• Recorded information:
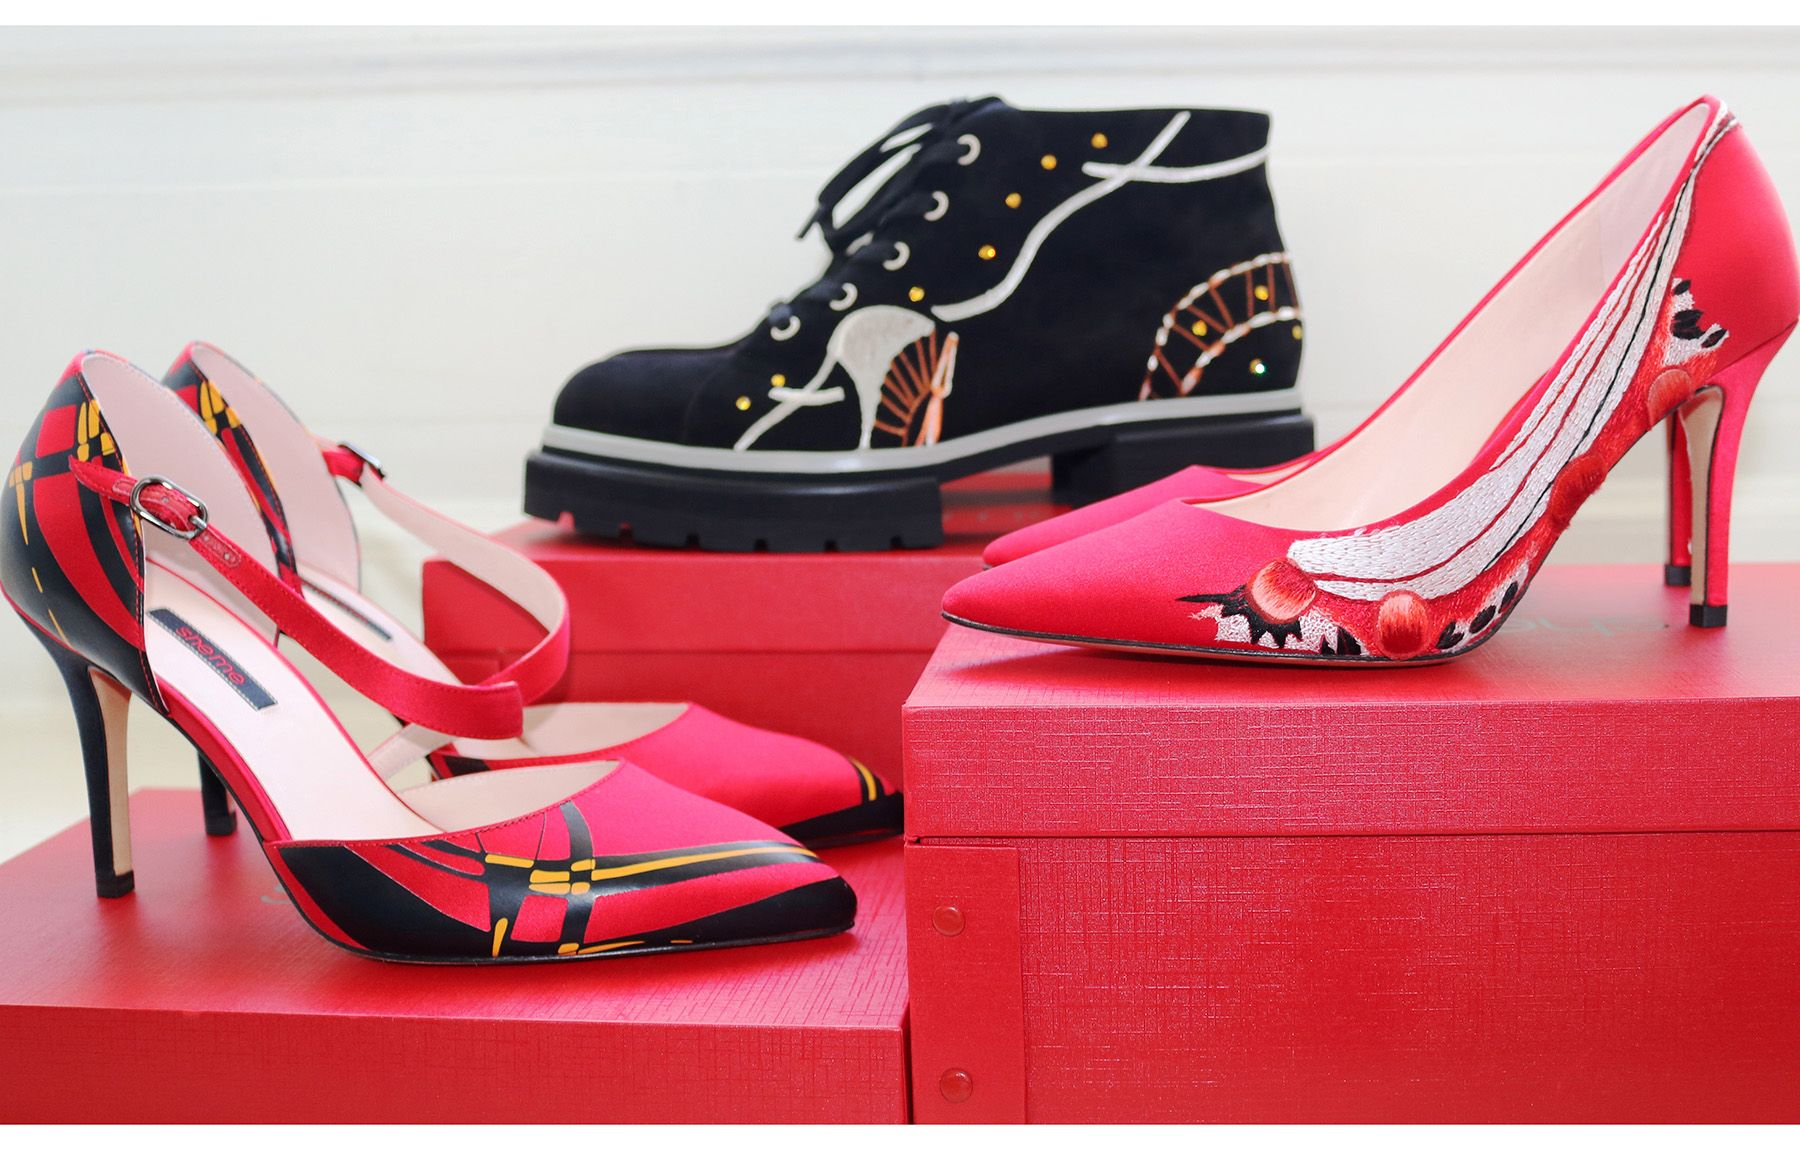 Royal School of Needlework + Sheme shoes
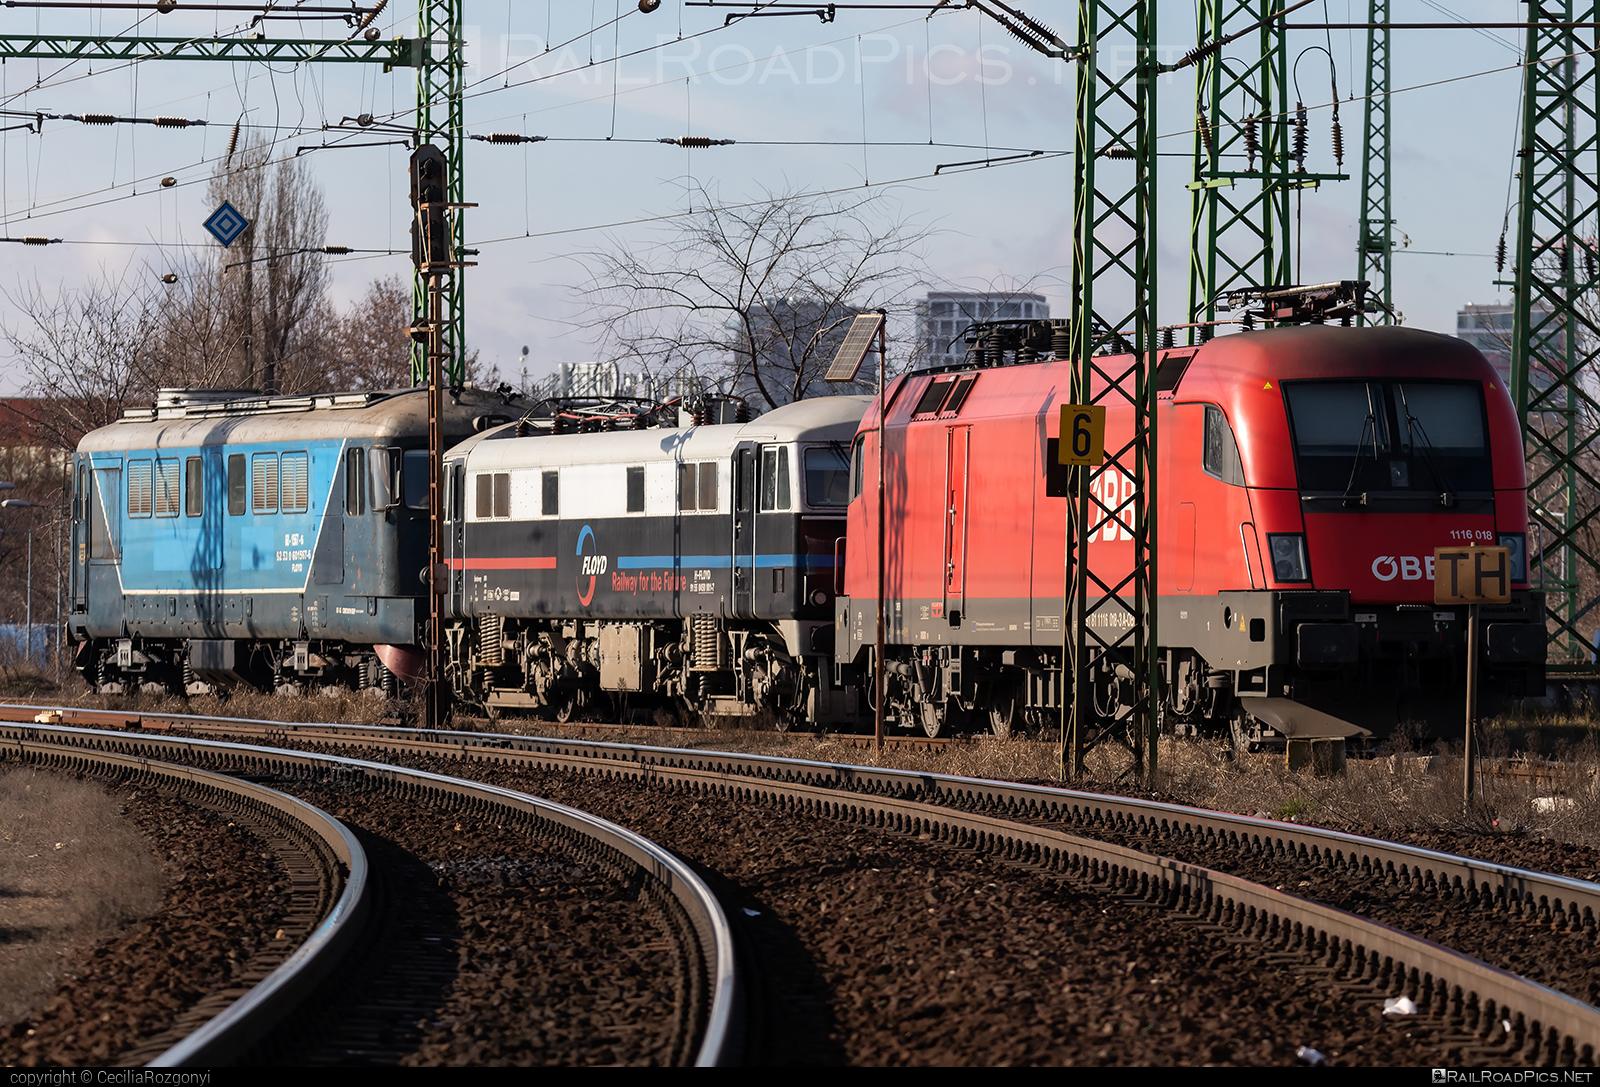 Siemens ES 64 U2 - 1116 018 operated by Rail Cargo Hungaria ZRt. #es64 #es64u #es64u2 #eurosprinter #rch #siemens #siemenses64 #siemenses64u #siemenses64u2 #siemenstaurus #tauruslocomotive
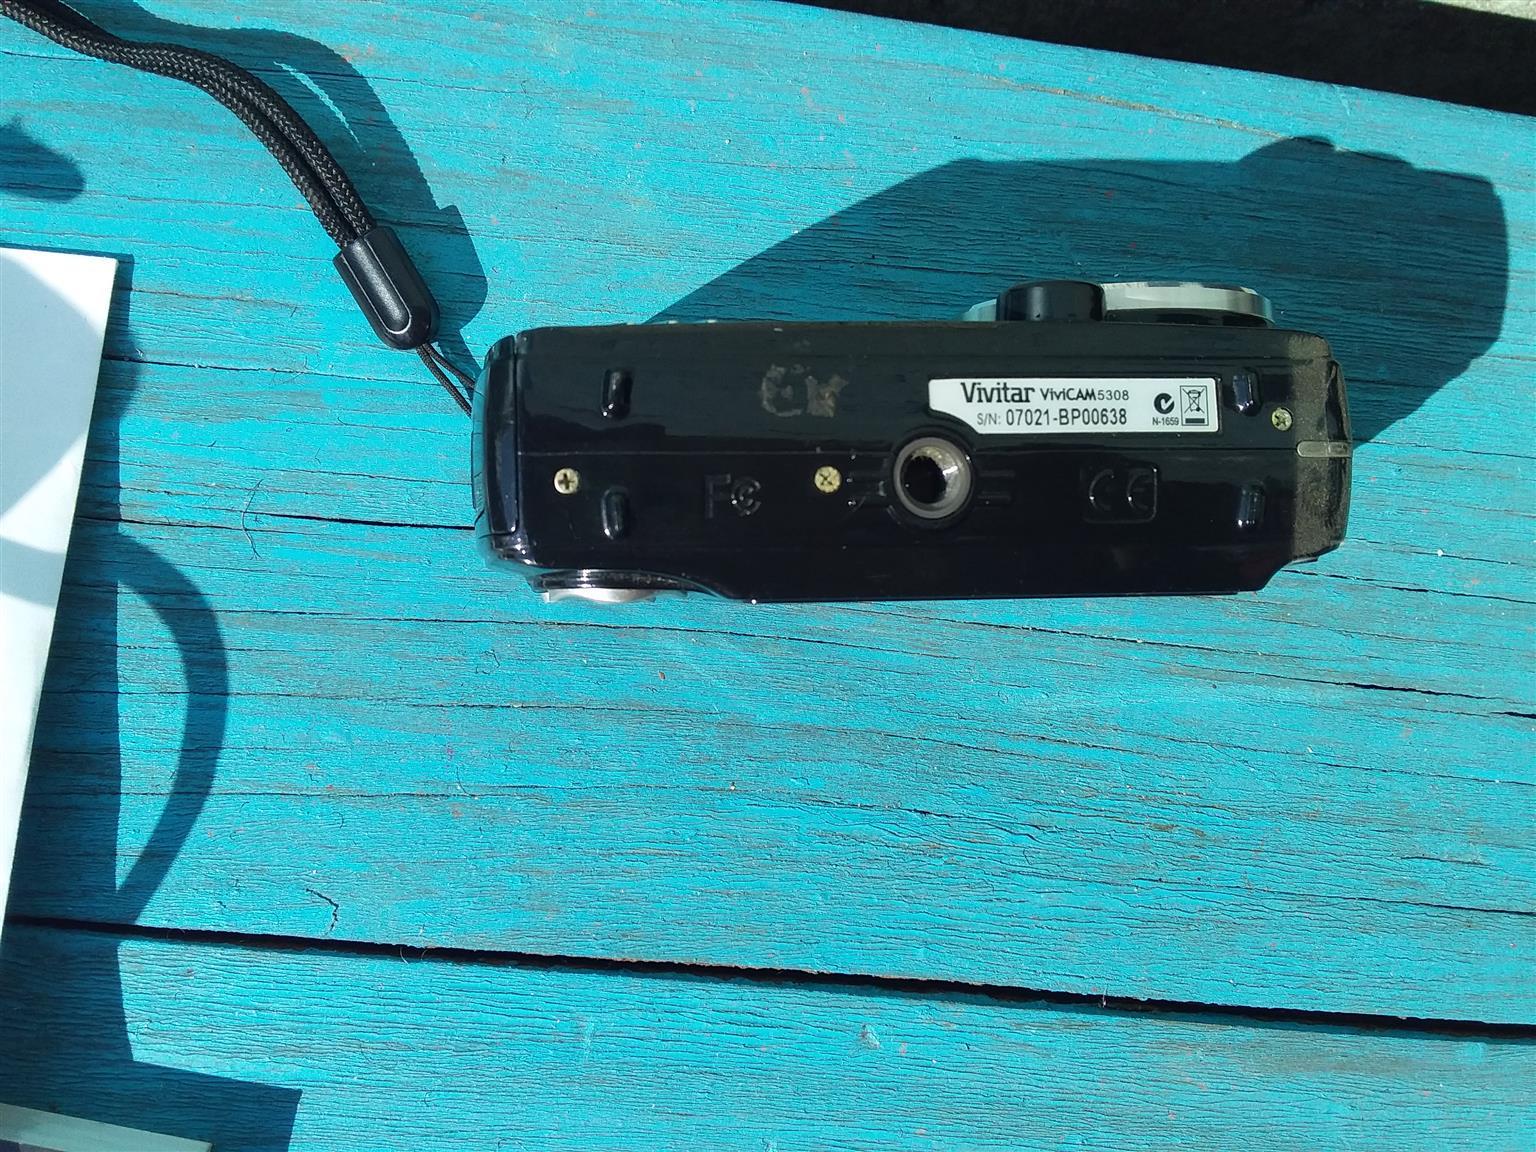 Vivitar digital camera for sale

• Description of the task: What is needed is a word-for-word copy of the data above, free of any images.

• Task response:
 Royal School of Needlework + Sheme shoes
 Siemens ES 64 U2 - 1116 018 operated by Rail Cargo Hungaria ZRt. #es64 #es64u #es64u2 #eurosprinter #rch #siemens #siemenses64 #siemenses64u #siemenses64u2 #siemenstaurus #tauruslocomotive
 Vivitar digital camera for sale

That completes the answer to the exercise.